这很困难,因为 PDF 是面向演示的,而 Word 文档是面向内容的。我已经测试了两者,可以推荐以下项目。

  1. PyPDF2
  2. PDFMiner
  1. PyPDF2
  2. PDFMiner

However, you are most definitely going to lose presentational aspects in the conversion.

但是,您肯定会在转换中丢失表现方面。

回答by Tilal Ahmad

You can use GroupDocs.Conversion Cloud SDK for pythonwithout installing any third-party tool or software.

您可以使用GroupDocs.Conversion Cloud SDK for python无需安装任何第三方工具或软件。

Sample Python code:

示例 Python 代码:

# Import module
import groupdocs_conversion_cloud

# Get your app_sid and app_key at https://dashboard.groupdocs.cloud (free registration is required).
app_sid = "xxxxxx-xxxx-xxxx-xxxx-xxxxxxxxxx"
app_key = "xxxxxxxxxxxxxxxxxxxxxxxxxxxxxxxx"

# Create instance of the API
convert_api = groupdocs_conversion_cloud.ConvertApi.from_keys(app_sid, app_key)
file_api = groupdocs_conversion_cloud.FileApi.from_keys(app_sid, app_key)

try:

        #upload soruce file to storage
        filename = 'Sample.pdf'
        remote_name = 'Sample.pdf'
        output_name= 'sample.docx'
        strformat='docx'

        request_upload = groupdocs_conversion_cloud.UploadFileRequest(remote_name,filename)
        response_upload = file_api.upload_file(request_upload)
        #Convert PDF to Word document
        settings = groupdocs_conversion_cloud.ConvertSettings()
        settings.file_path =remote_name
        settings.format = strformat
        settings.output_path = output_name

        loadOptions = groupdocs_conversion_cloud.PdfLoadOptions()
        loadOptions.hide_pdf_annotations = True
        loadOptions.remove_embedded_files = False
        loadOptions.flatten_all_fields = True

        settings.load_options = loadOptions

        convertOptions = groupdocs_conversion_cloud.DocxConvertOptions()
        convertOptions.from_page = 1
        convertOptions.pages_count = 1

        settings.convert_options = convertOptions
 .               
        request = groupdocs_conversion_cloud.ConvertDocumentRequest(settings)
        response = convert_api.convert_document(request)

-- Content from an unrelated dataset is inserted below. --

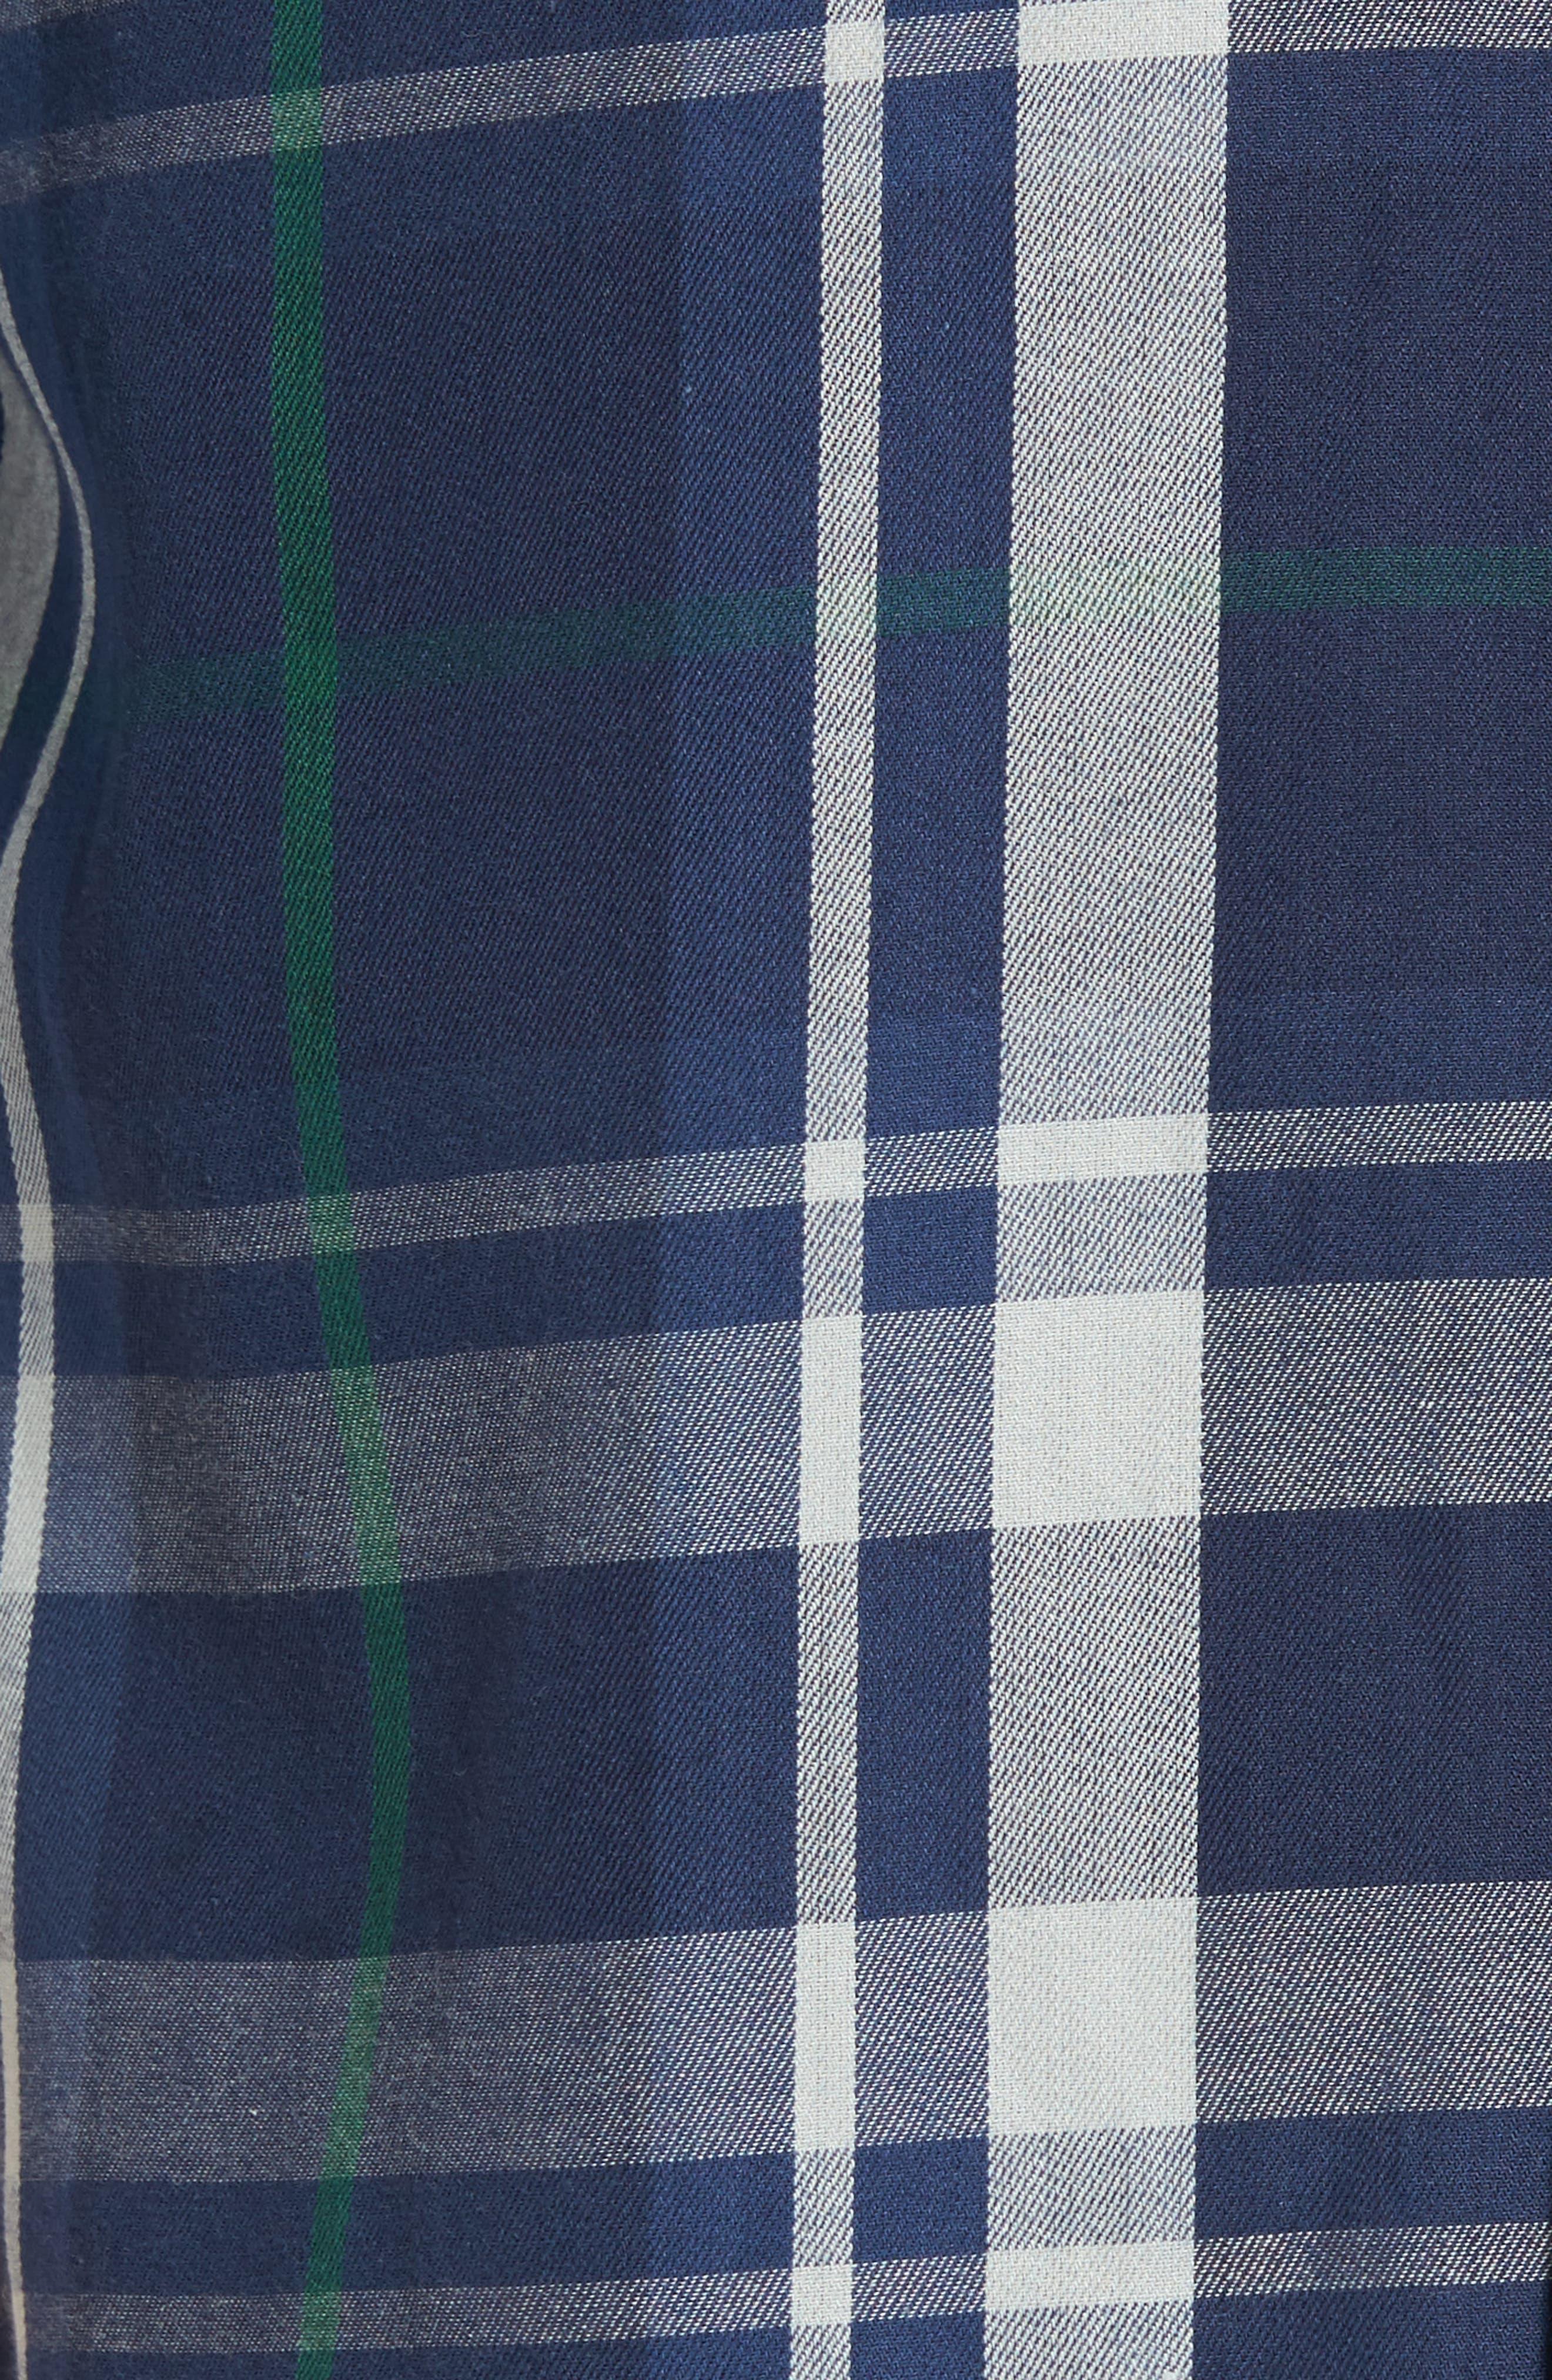 Waas 2 Plaid Woven Shirt,                             Alternate thumbnail 10, color,

        print("Document converted successfully: " + str(response))
except groupdocs_conversion_cloud.ApiException as e:
        print("Exception when calling get_supported_conversion_types: {0}".format(e.message))

I'm developer evangelist at aspose.

我是 aspose 的开发人员布道者。

回答by eleks007

If you want to convert PDF -> MS Word type file like docx, I came across this.

如果你想转换 PDF -> MS Word 类型的文件,比如 docx,我遇到了这个.

Ahsin Shabbirwrote:

阿辛·沙比尔写道:

import glob
import win32com.client
import os

word = win32com.client.Dispatch("Word.Application")
word.visible = 0

pdfs_path = "" # folder where the .pdf files are stored
for i, doc in enumerate(glob.iglob(pdfs_path+"*.pdf")):
    print(doc)
    filename = doc.split('\')[-1]
    in_file = os.path.abspath(doc)
    print(in_file)
    wb = word.Documents.Open(in_file)
    out_file = os.path.abspath(reqs_path +filename[0:-4]+ ".docx".format(i))
    print("outfile\n",out_file)
    wb.SaveAs2(out_file, FileFormat=16) # file format for docx
    print("success...")
    wb.Close()

word.Quit()

This worked like a charm for me, converted 500 pages PDF with formatting and images.

这对我来说就像一个魅力,转换了 500 页的 PDF 格式和图像。